Zielsetzung und Themenschwerpunkte

Diese Diplomarbeit befasst sich mit der Identifizierung von Proteinen, die mit dem HMGA2-Protein interagieren. HMGA2 ist ein hochmobiles Gruppenprotein, das an der Regulation der Genexpression beteiligt ist und eine wichtige Rolle bei der Entwicklung und Zellproliferation spielt. Die Arbeit zielt darauf ab, die Interaktions-Partner von HMGA2 zu identifizieren und deren Einfluss auf die Funktion des Proteins zu untersuchen.
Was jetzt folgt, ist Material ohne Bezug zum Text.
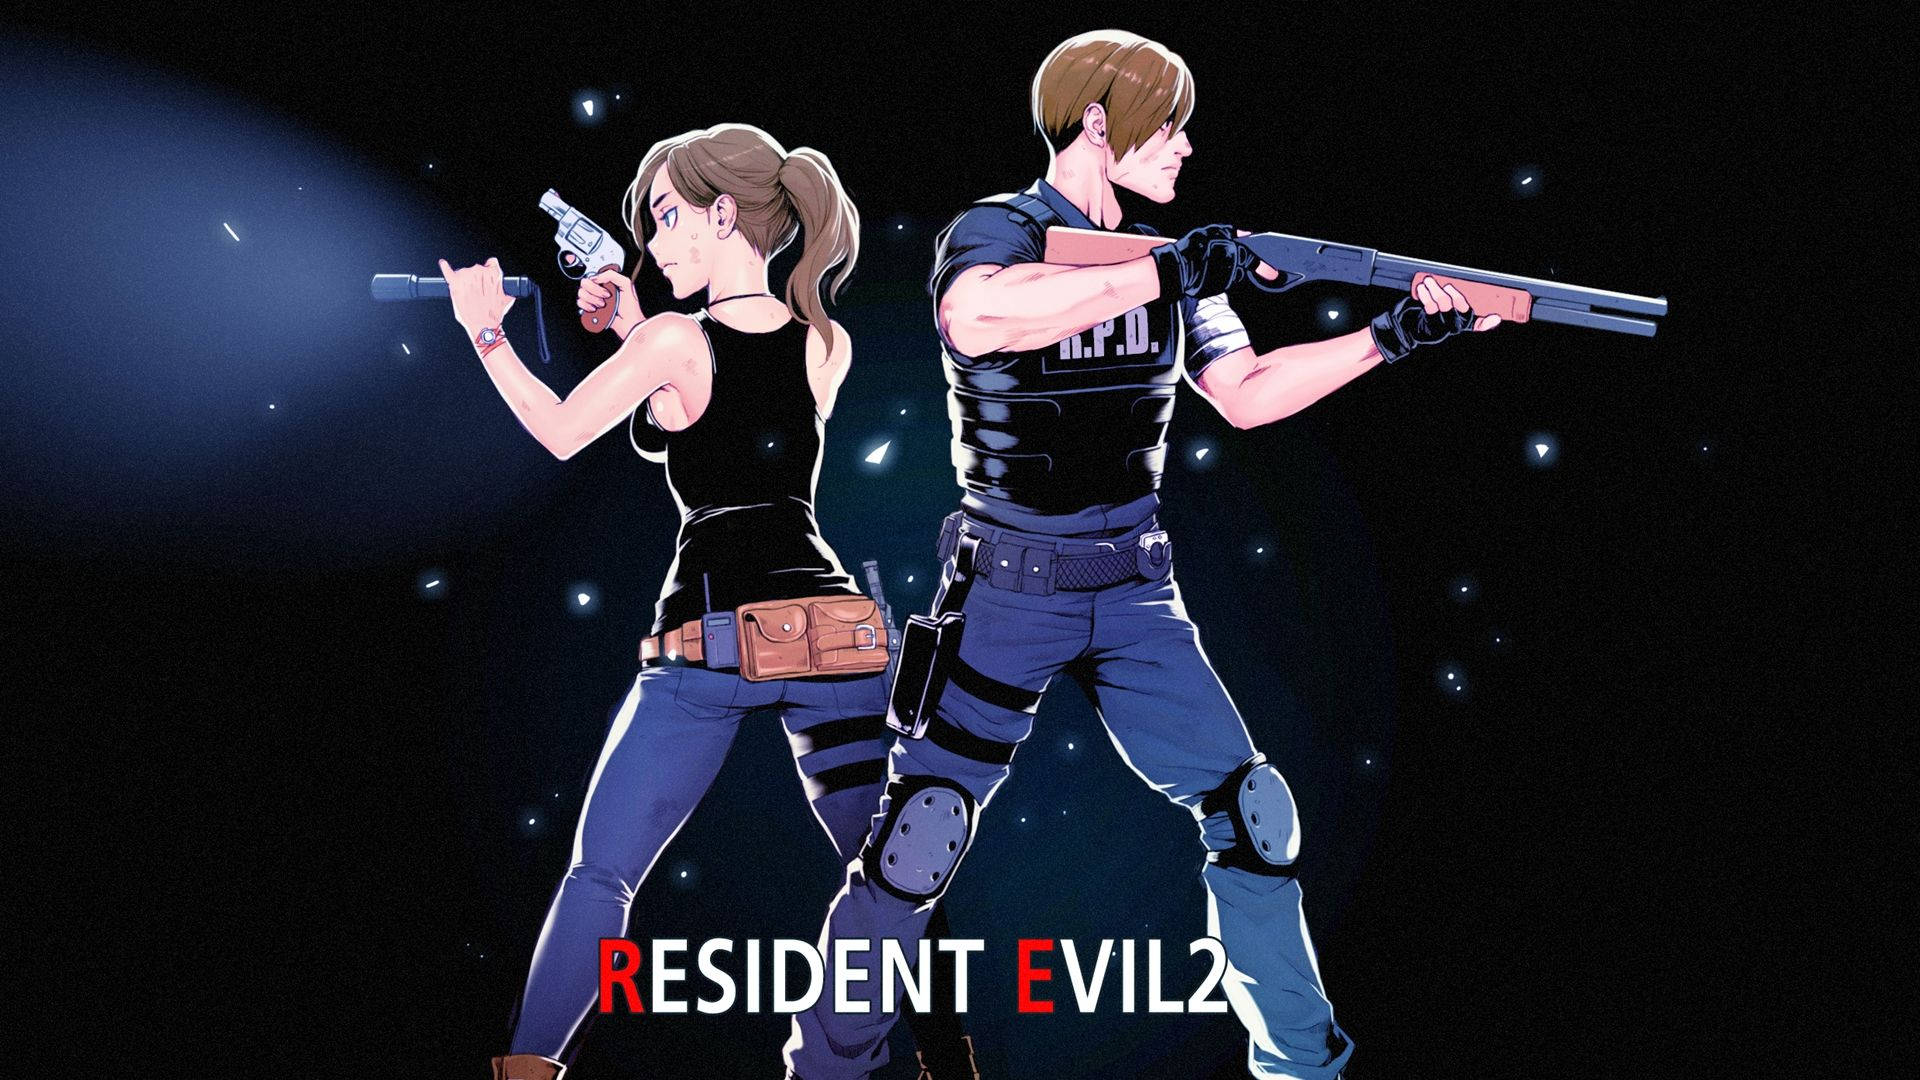 Free Resident Evil 2 Wallpaper Downloads, [100+] Resident Evil 2 Wallpapers  for FREE

• Identifizierung von HMGA2-interagierenden Proteinen
• Untersuchung der Funktion von HMGA2-interagierenden Proteinen
• Analyse des Einflusses von HMGA2-interagierenden Proteinen auf die Genexpression
• Entwicklung von neuen Ansätzen zur Modulation der HMGA2-Aktivität
• Bedeutung der HMGA2-Interaktionen für die Zellentwicklung und -proliferation

Zusammenfassung der Kapitel

Das erste Kapitel dieser Arbeit bietet eine umfassende Einleitung in die Thematik der HMGA2-Protein-Interaktionen. Es werden die Struktur und Funktion von HMGA2 sowie die Bedeutung des Proteins für die Zellentwicklung und -proliferation beleuchtet. Die Kapitel drei und vier beschreiben die Methoden und Ergebnisse der experimentellen Arbeit. Es werden die verwendeten Materialien, Methoden zur Klonierung und Transformation von DNA sowie die Analyse der Interaktionspartner von HMGA2 vorgestellt. Das fünfte Kapitel diskutiert die Ergebnisse und stellt die Bedeutung der gefundenen Interaktionen für die Funktion von HMGA2 in den Kontext.

Schlüsselwörter

HMGA2, Protein-Interaktionen, Genexpression, Zellentwicklung, Zellproliferation, Klonierung, Transformation, Interaktions-Partner, Yeast Two-Hybrid System, Chromatin-Remodeling.